### Data excerpts
========
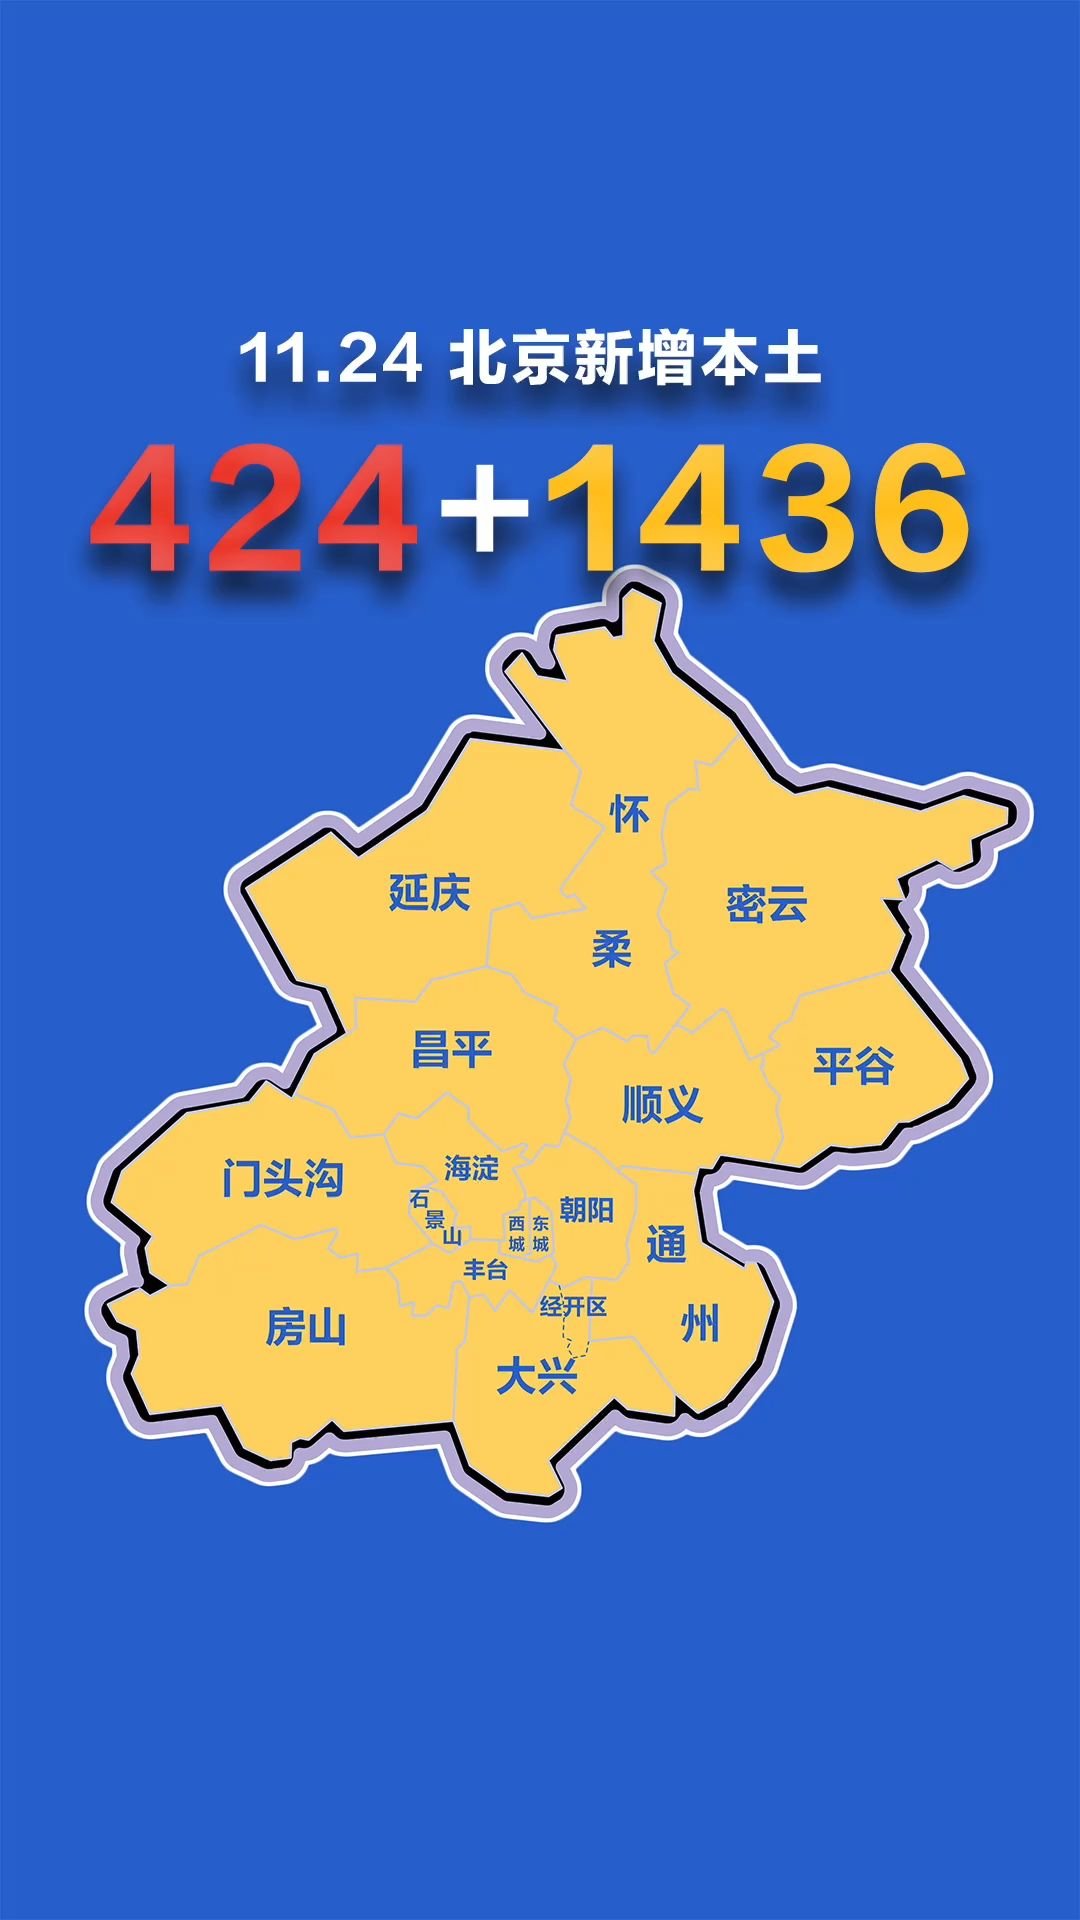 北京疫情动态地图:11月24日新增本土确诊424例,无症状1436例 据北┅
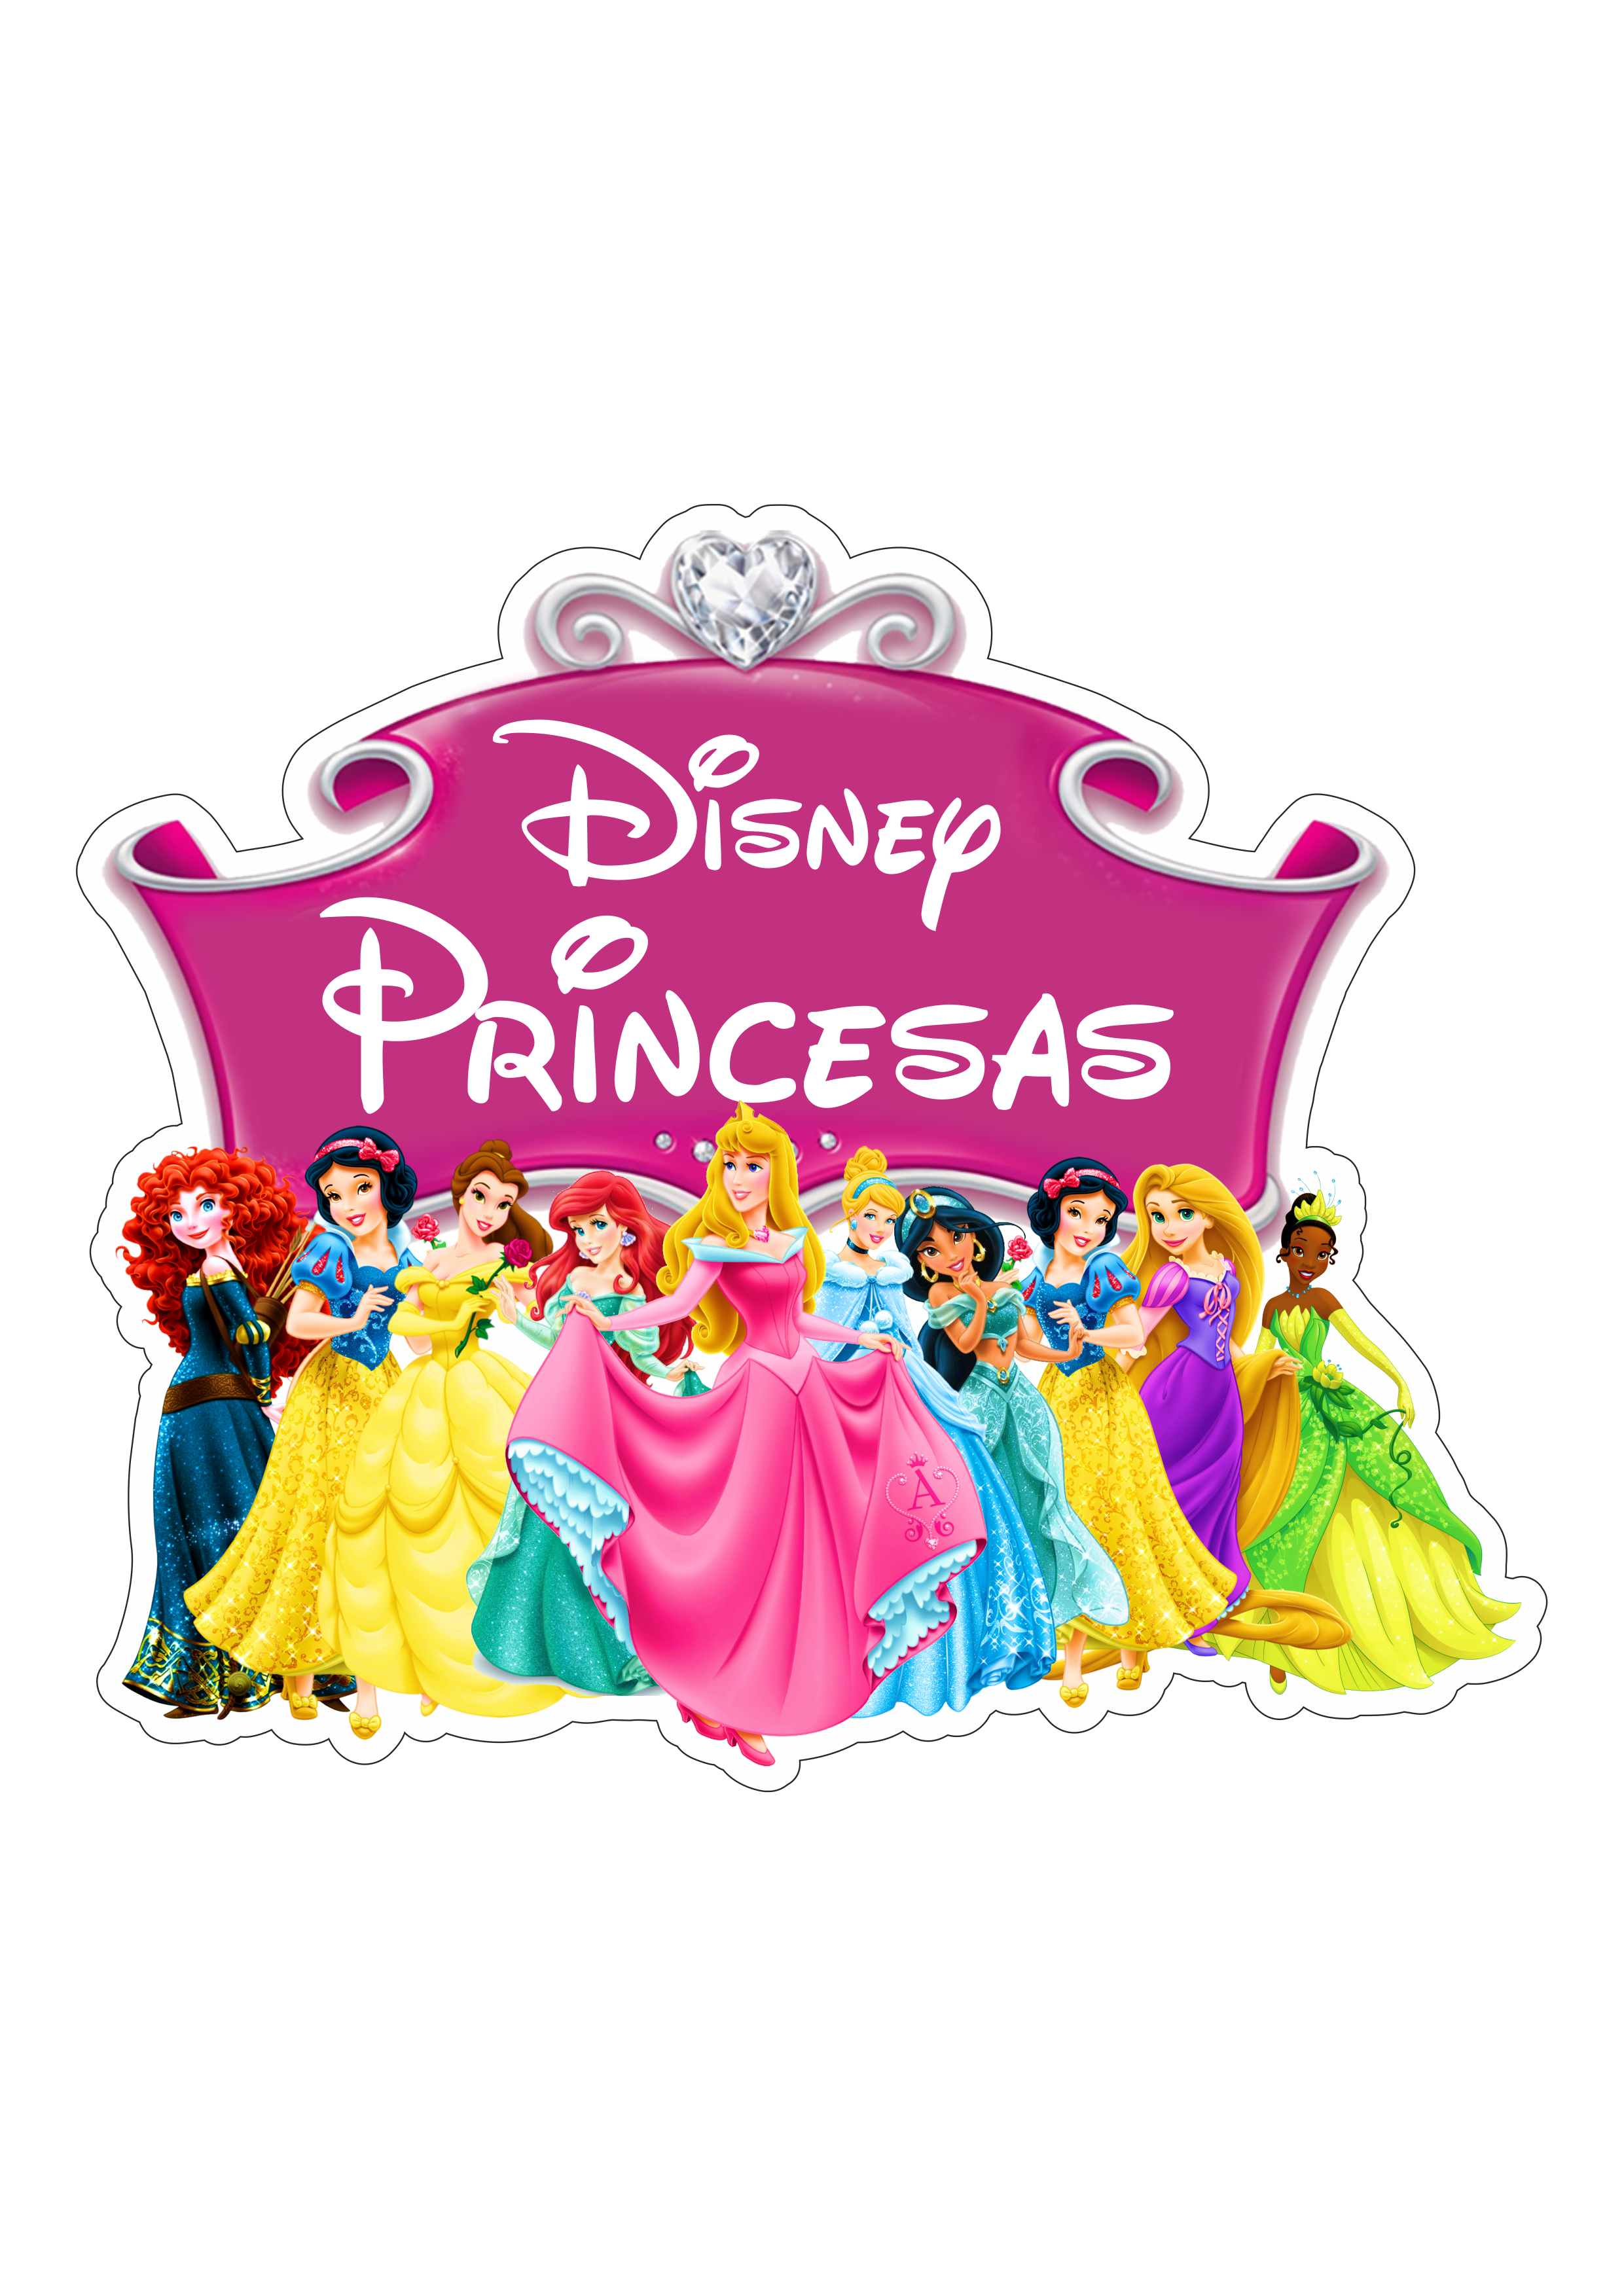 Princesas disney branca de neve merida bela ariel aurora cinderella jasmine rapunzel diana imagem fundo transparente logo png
========
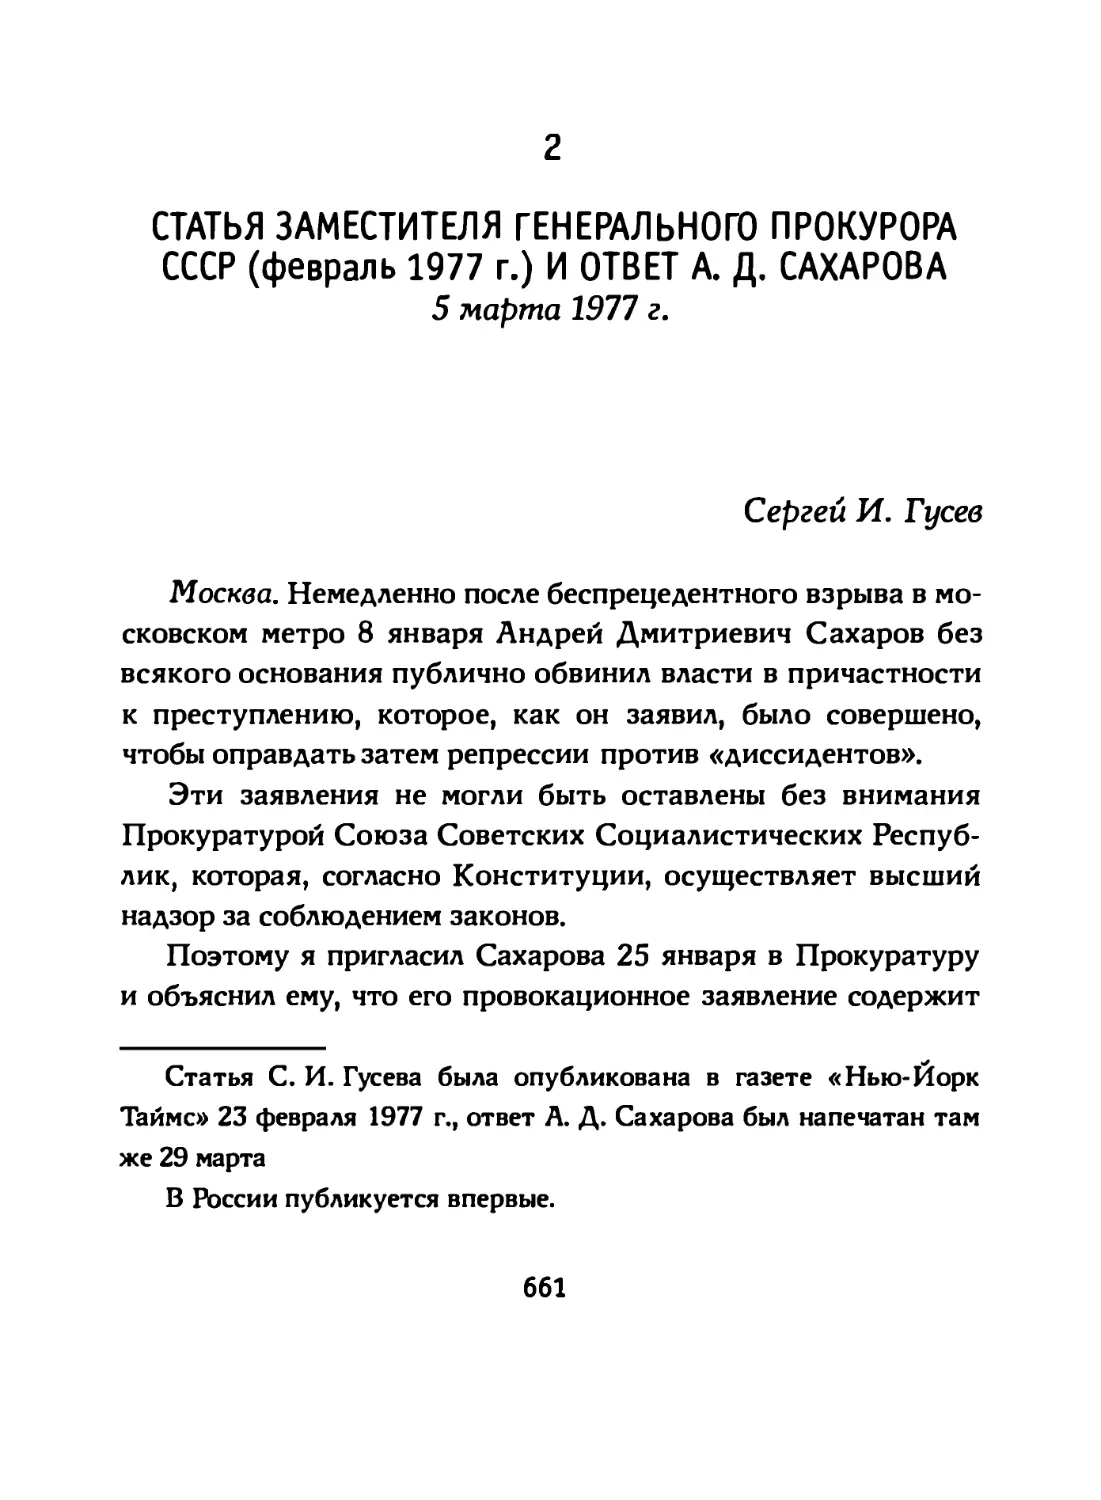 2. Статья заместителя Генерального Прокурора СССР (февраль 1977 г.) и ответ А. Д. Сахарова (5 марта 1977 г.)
========
### To do
With pictures excluded, reproduce exactly the lines above from the one containing "北京疫情动态地图:11月24日新增本土确诊424例,无症状1436例 据北┅" down to the one containing "Princesas disney branca", those two included.

### Completed task
 北京疫情动态地图:11月24日新增本土确诊424例,无症状1436例 据北┅
 Princesas disney branca de neve merida bela ariel aurora cinderella jasmine rapunzel diana imagem fundo transparente logo png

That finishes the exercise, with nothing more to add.